* **Supplied material**
____________

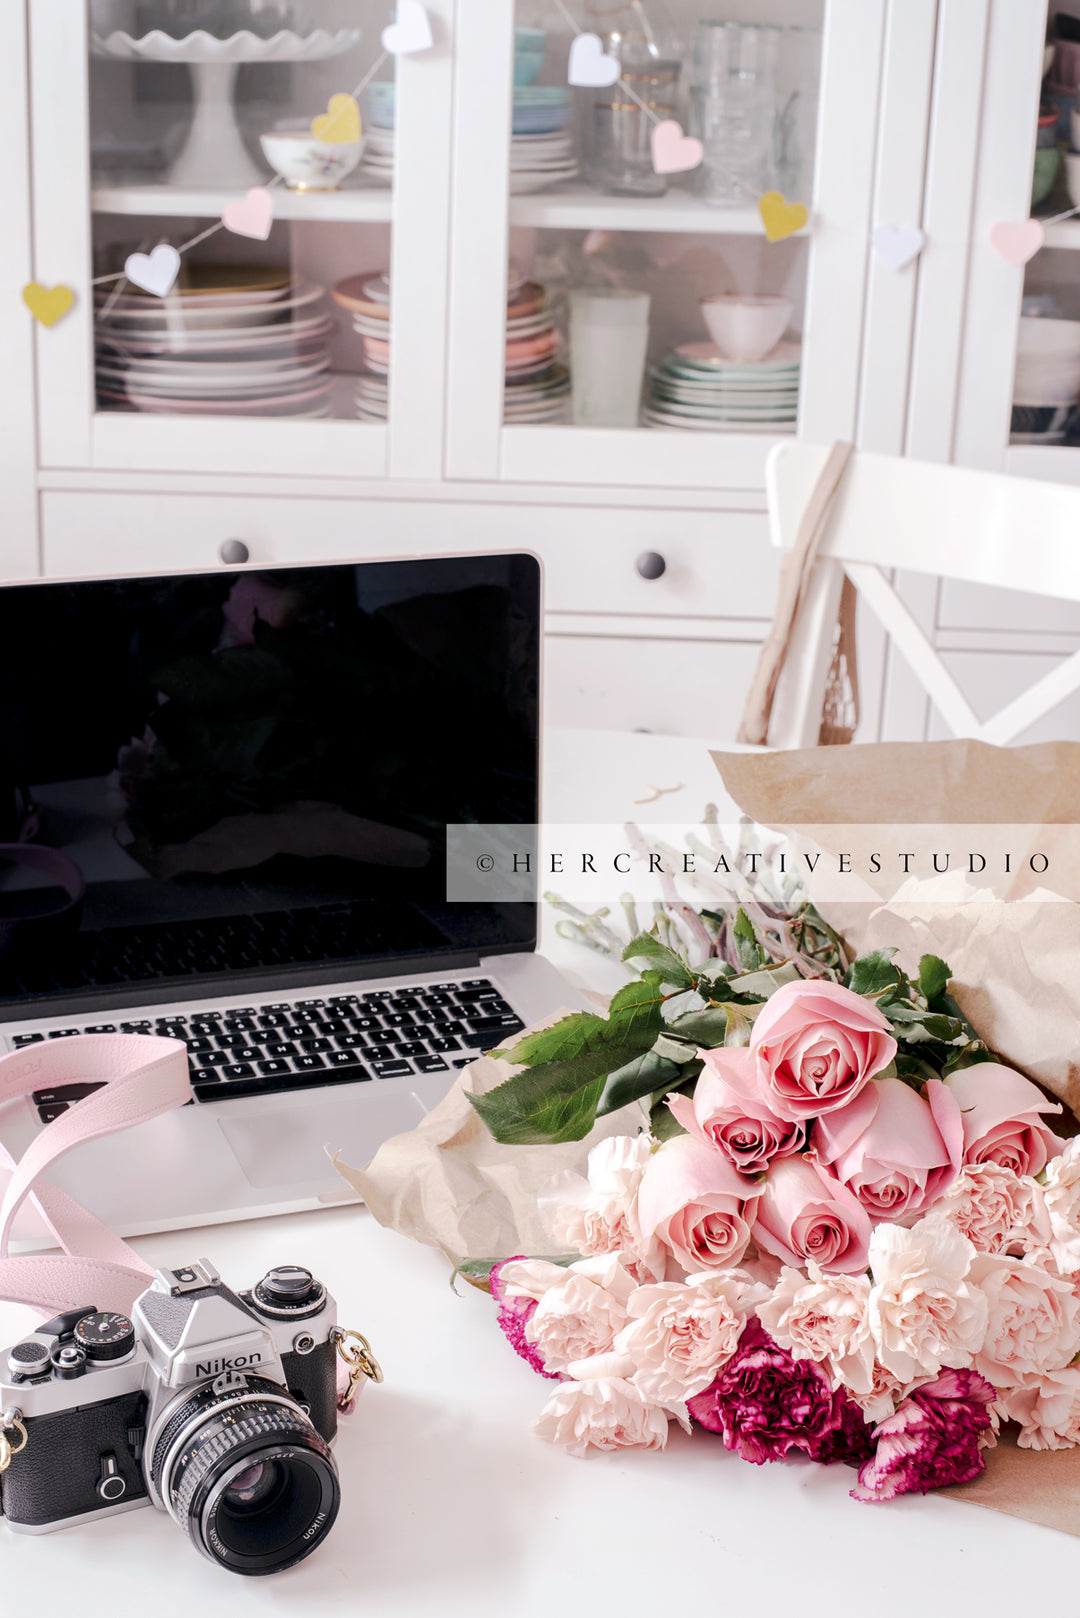 Camera, Laptop and Roses on White Table, Styled Stock Image
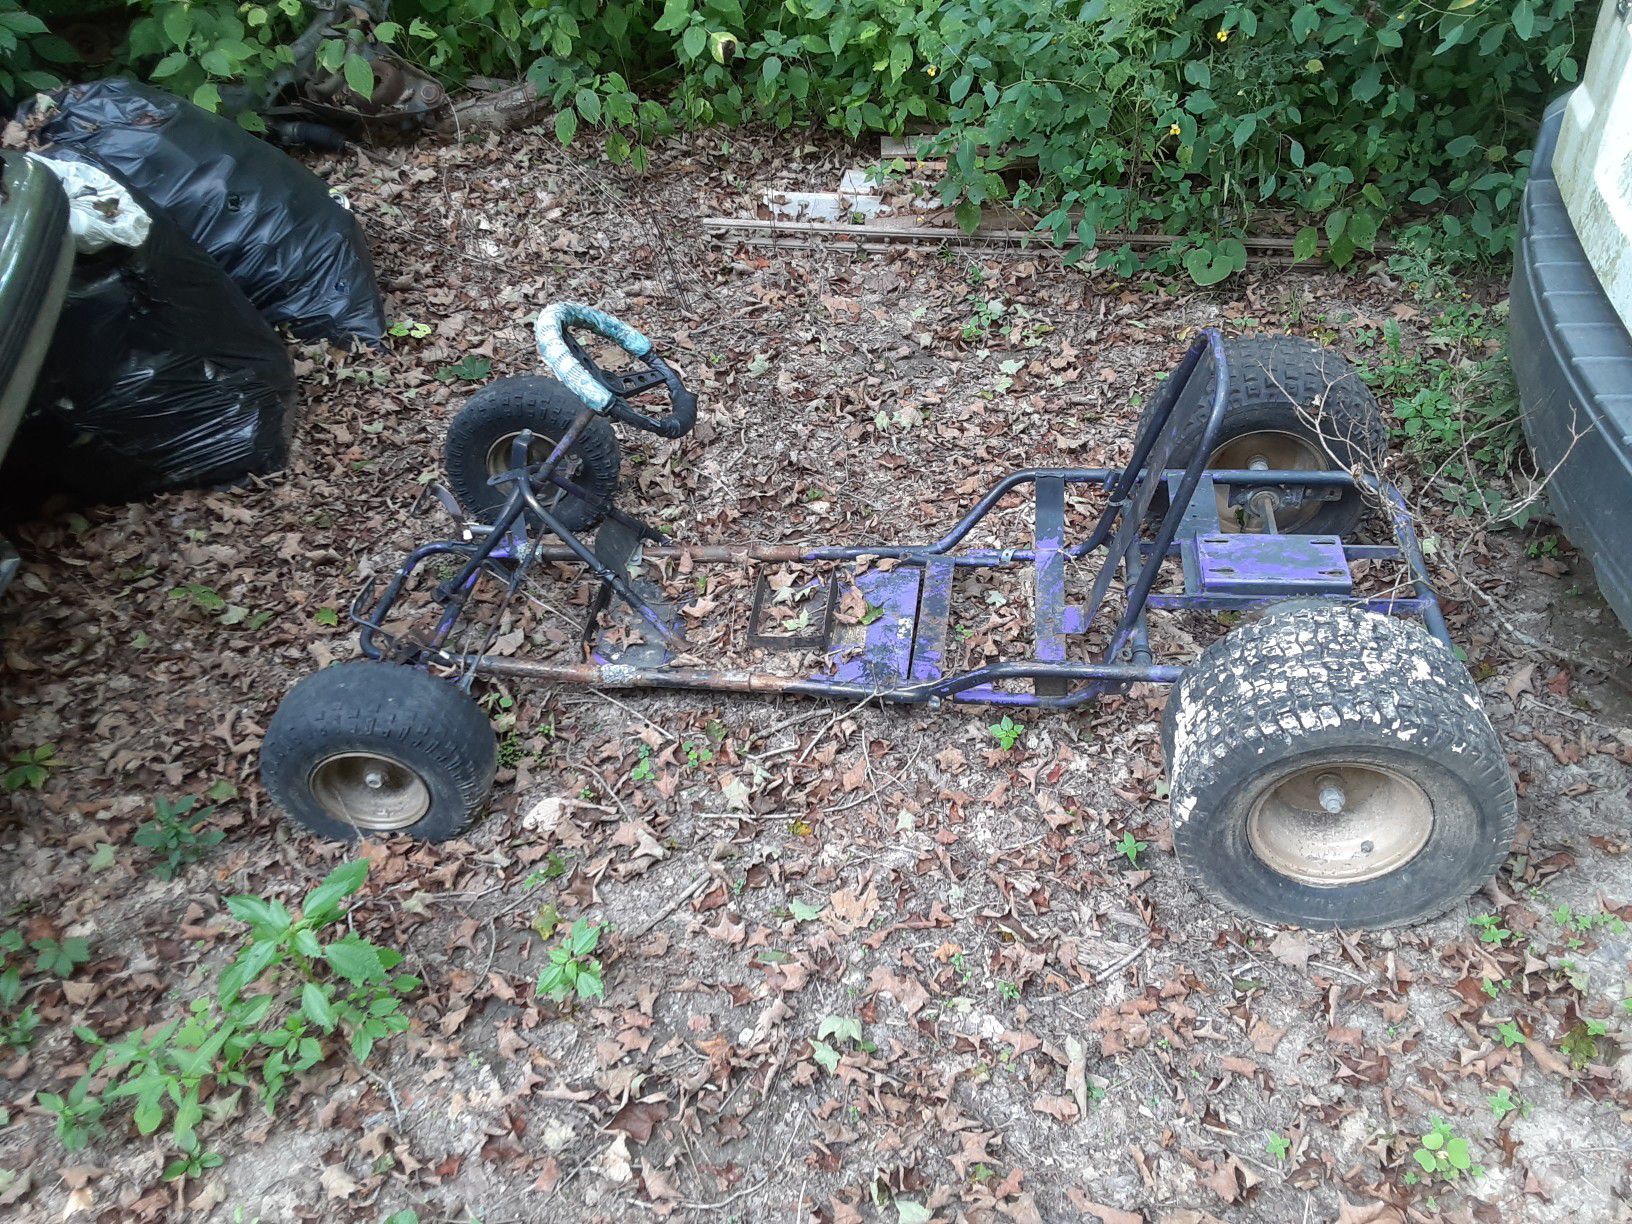 For sale or trade one 1 seater go kart frame
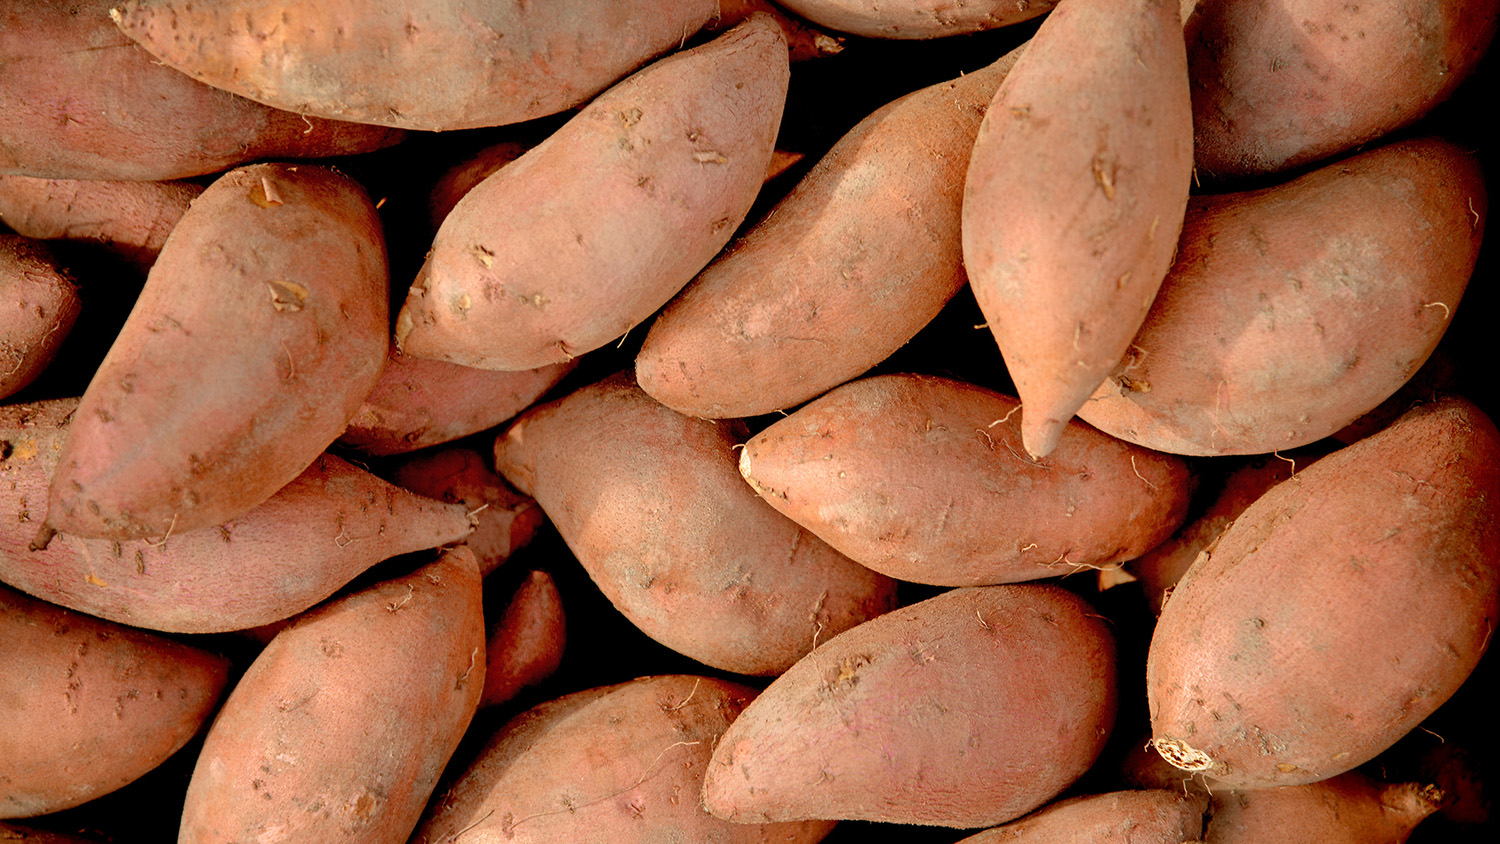 Sweet potatoes for sale at the North Carolina State Farmer's Market in the Fall.
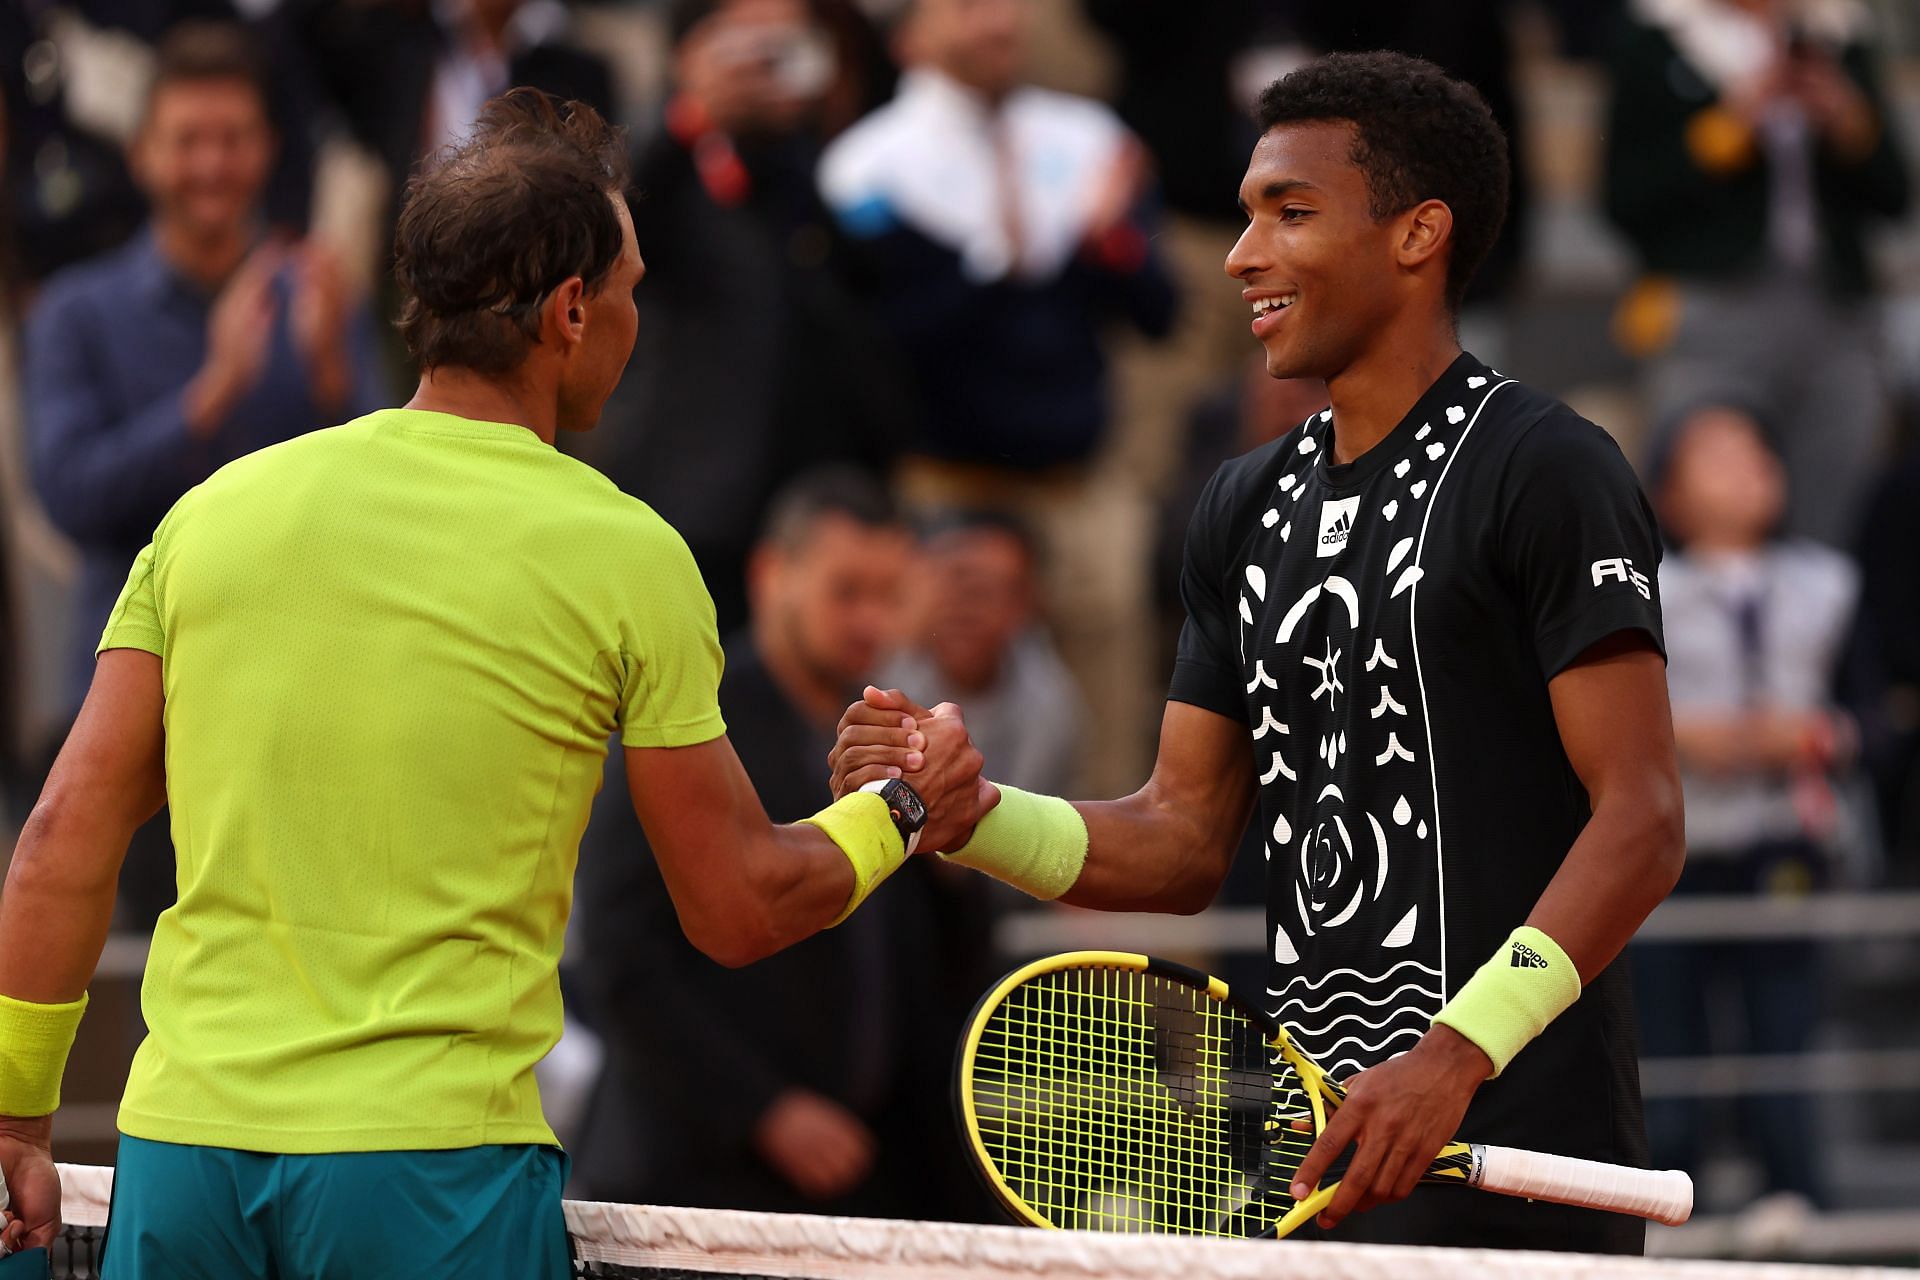 Rafael Nadal shakes hands with Felix Auger-Aliassime at the 2022 French Open

____________

* **Description of the task**
The line containing "Sweet potatoes for" and every line after it, through the end of the material above, are to be printed exactly; no pictures belong in the output.

* **Your response**
 Sweet potatoes for sale at the North Carolina State Farmer's Market in the Fall.
 Rafael Nadal shakes hands with Felix Auger-Aliassime at the 2022 French Open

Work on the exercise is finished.